Dopamine Receptor Activation Is Required for GABAergic Spike Timing-Dependent Plasticity in Response to Complex Spike Pairing in the Ventral Tegmental Area.

One of the most influential synaptic learning rules explored in the past decades is activity dependent spike-timing-dependent plasticity (STDP). In STDP, synapses are either potentiated or depressed based on the order of pre- and postsynaptic neuronal activation within narrow, milliseconds-long, time intervals. STDP is subject to neuromodulation by dopamine (DA), a potent neurotransmitter that significantly impacts synaptic plasticity and reward-related behavioral learning.

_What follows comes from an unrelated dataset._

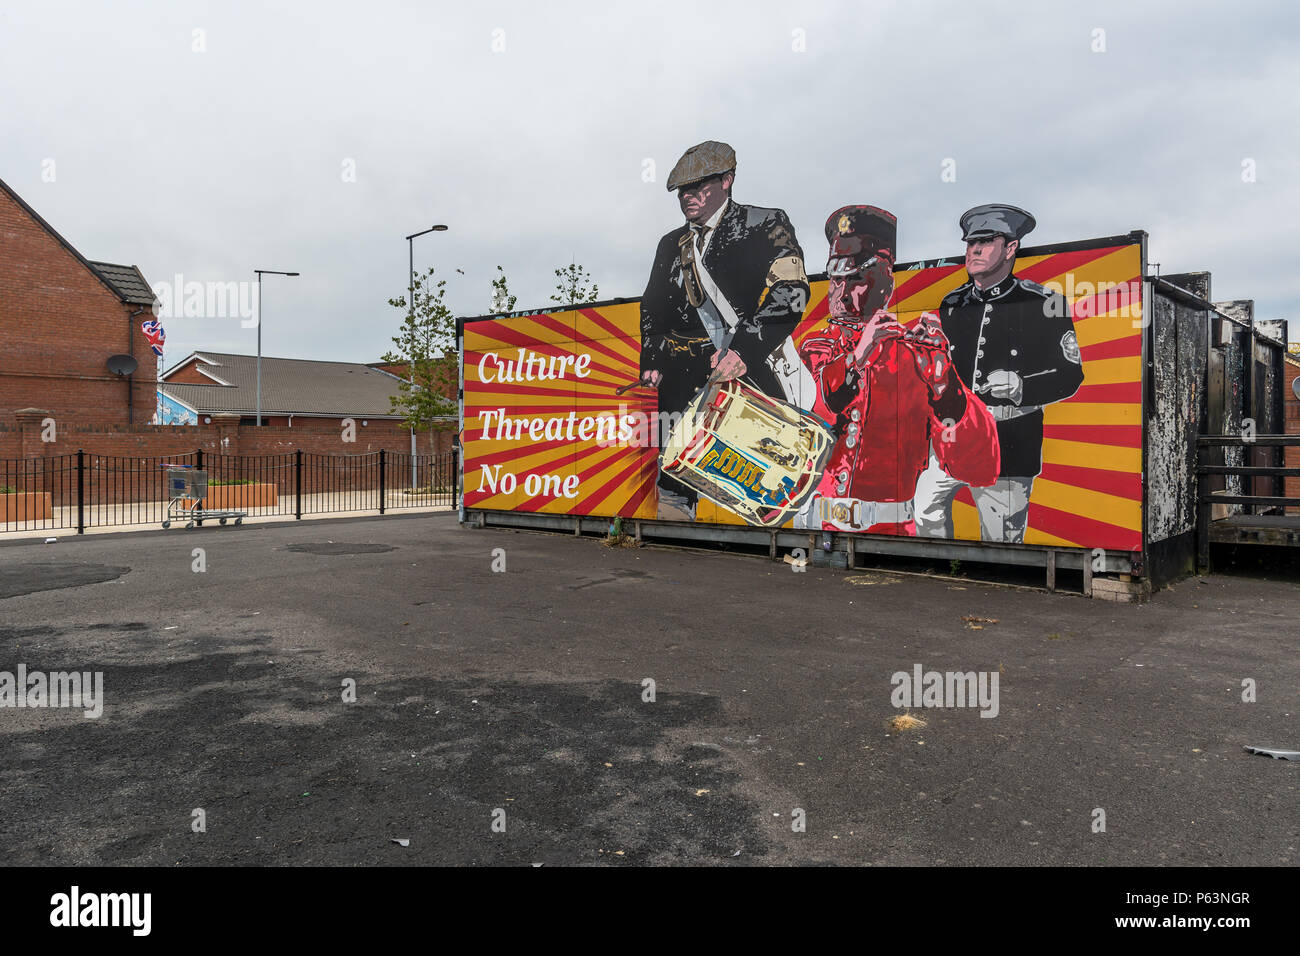 Cultura amenaza a nadie mural en Belfast oriental Foto de stock

Previously, we demonstrated that GABAergic synapses onto ventral tegmental area (VTA) DA neurons are able to express STDP (Kodangattil et al., 2013), however it is still unclear whether DA modulates inhibitory STDP in the VTA. Here, we used whole-cell recordings in rat midbrain slices to investigate whether DA D1-like and/or D2-like receptor (D1R/D2R) activation is required for induction of STDP in response to a complex pattern of spiking. We found that VTA but not Substantia nigra pars compact (SNc) DA neurons exhibit long-term depression (LTDGABA) in response to a combination of positive (pre-post) and negative (post-pre) timing of spiking (a complex STDP protocol). Blockade of either D1Rs or D2Rs prevented the induction of LTDGABA while activation of D1Rs did not affect the plasticity in response to this complex STDP protocol in VTA DA neurons. Our data suggest that this DA-dependent GABAergic STDP is selectively expressed at GABAergic synapses onto VTA DA neurons which could be targeted by drugs of abuse to mediate drug-induced modulation of DA signaling within the VTA, as well as in VTA-projection areas, thereby affecting reward-related learning and drug-associated memories.